Amerika’nın Sesi stüdyolarına konuk olan Hanan Aşravi, ilk intifadadan bu yana İsrail-Filistin görüşmelerinde önemli rol üstlendi. Dr. Aşravi, Türkiye’nin İsrail-Filistin görüşmelerinde arabuluculuk üstlenmesine kişisel olarak olumlu baksa da, bunun gerçekleşmesini pek mümkün görmüyor.
Aşravi, "Türkiye’nin İsrail’le ilişkileri son yıllarda kötüleşti. Bu da şaşırtıcı değil. Çünkü İsrail herkese işgalci gibi davranıyor, Beyaz Saray’a bile. Yönetimlerinde bir şekilde küstahlık hissediliyor, her şeye hakları, ayrıcalıkları olduğuna inanıyorlar. Bu tarz bir davranış da ilişkilerini etkiliyor. İsrail’in bu tavırları bütün ülkeleri kendisinden soğuttu. Belki daha Beyaz Saray ve Kongre’yi bezdiremediler, ama kendi yarattıkları enkazın altında kalacaklar. Türkiye bu küstahlığa karşı durdu. Ankara uzlaşmacı rol üstlenerek kendini bölgede yeniden konumlandırmak istiyor. Ama İsrail ve Filistin arasında arabuluculuk yapabileceğini hiç sanmıyorum. Çünkü İsrail’le ilişkisi, ekonomik ve askeri ilişkilerinin iyi olmasına rağmen, şu sıralarda hiç iyi değil. Amerika’ya gelince arabuluculuk konusunda hiç de adaletli olmadı ve hep İsrail’in tarafını tuttu.
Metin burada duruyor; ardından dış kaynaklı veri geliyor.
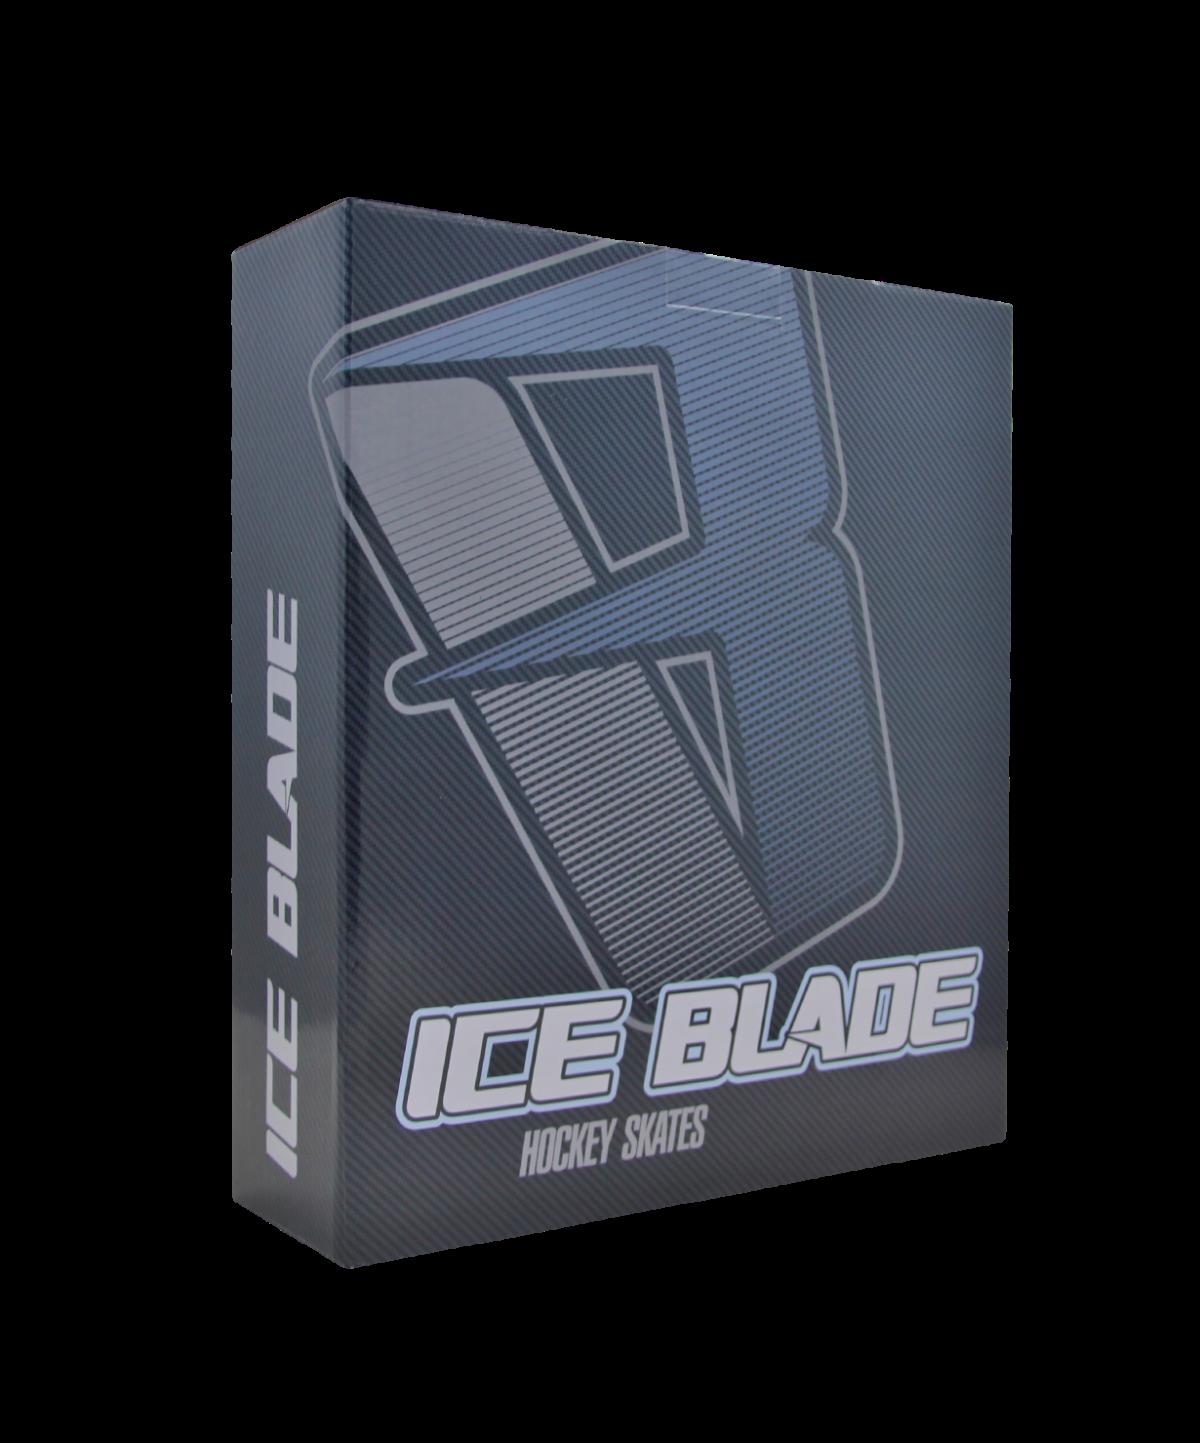 ICE BLADE Коньки хоккейные Revo Х7.0 - 7
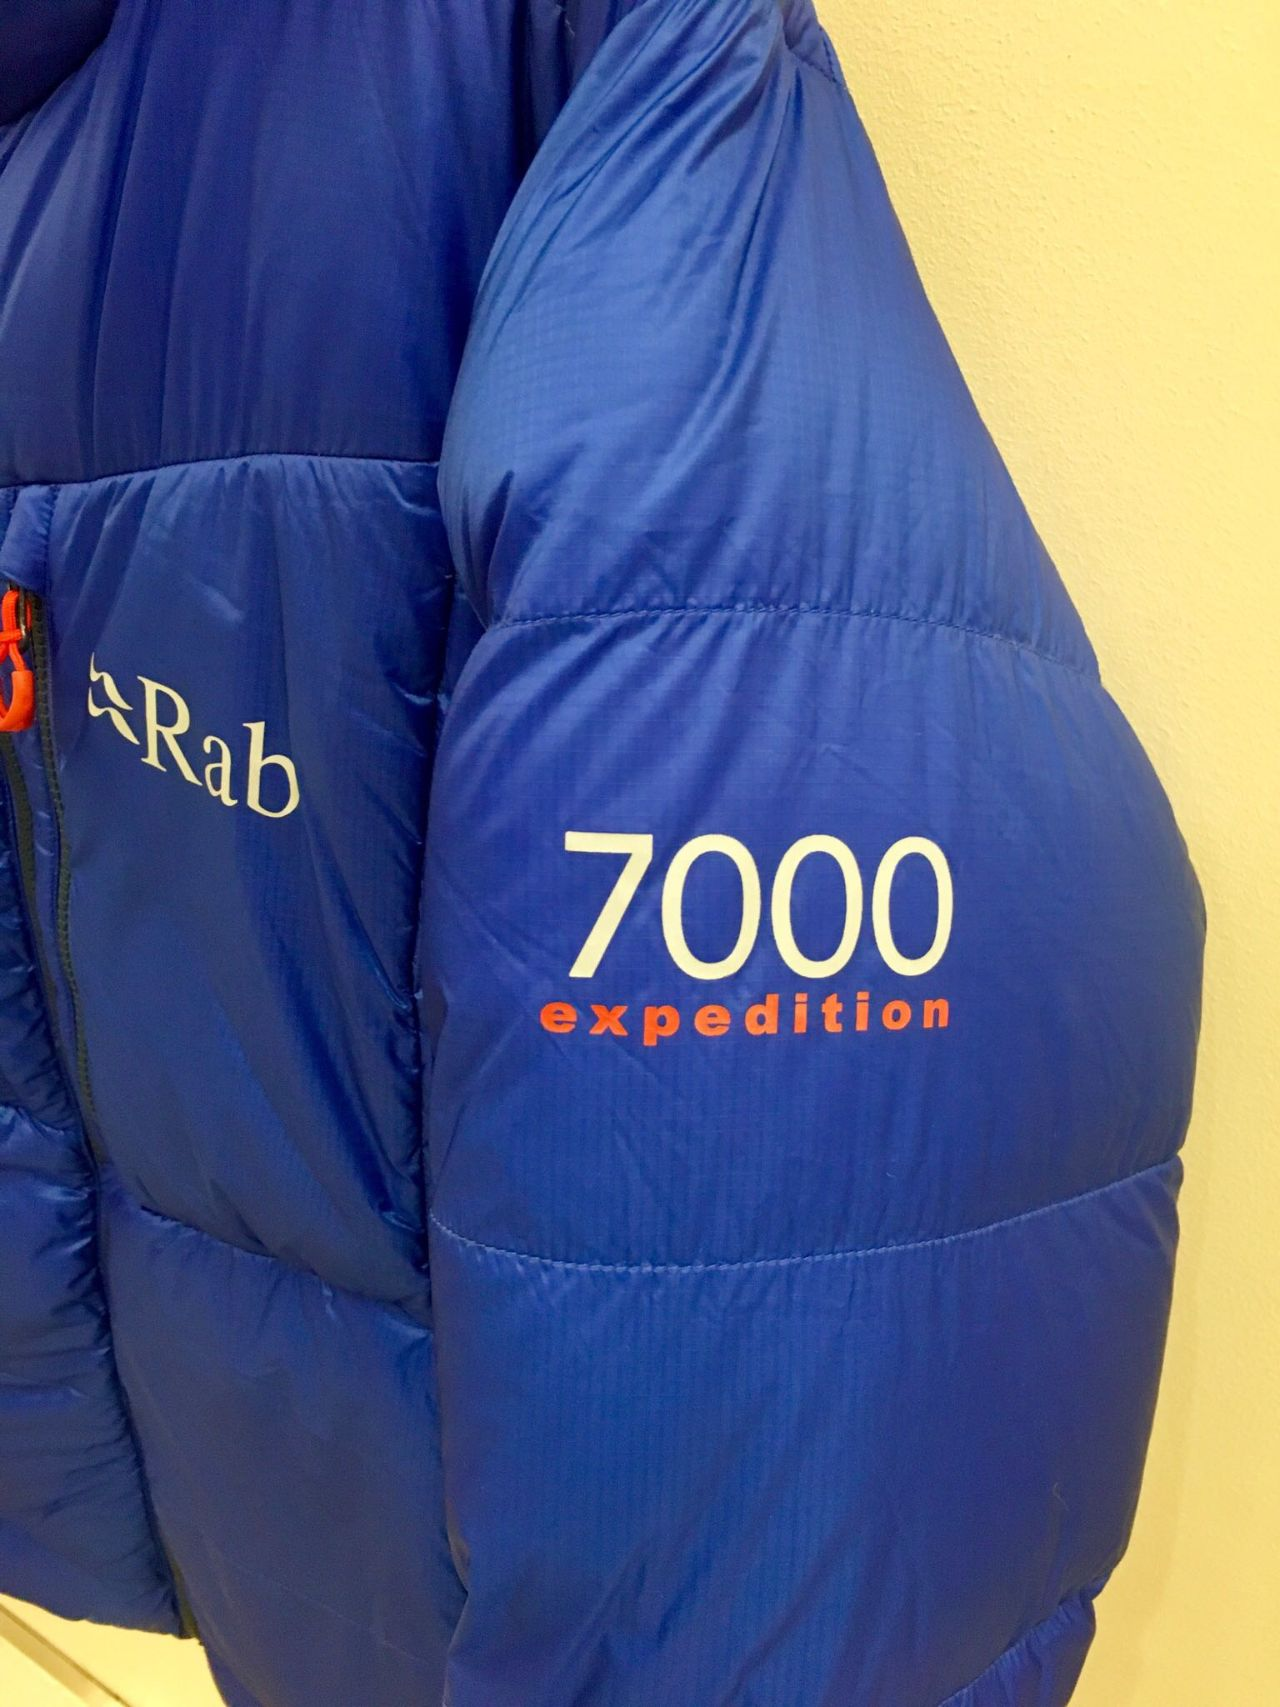 c2f91565a Rab】EXPEDITION 7000 JACKET | BEAVER | BEAVER 池袋 | 上野商会公式 ...

Bu yüzden Amerikalılar dışında ne kadar fazla arabulucu olursa o kadar iyi olur. Amerika arabuluculukta hep tekel oldu, İsrail’i şımarttı, verdiği desteği ve korumayı da saymıyorum. Artık bir ayar yapma zamanı geldi. Bölgede artık top el değiştirdi. Yeni bir sayfa açıldı. Artık Ortadoğu bildiğimiz Ortadoğu değil. Amerikalılar da bunun kabul etmek zorunda, etmezlerse çok geç olacak," diyor.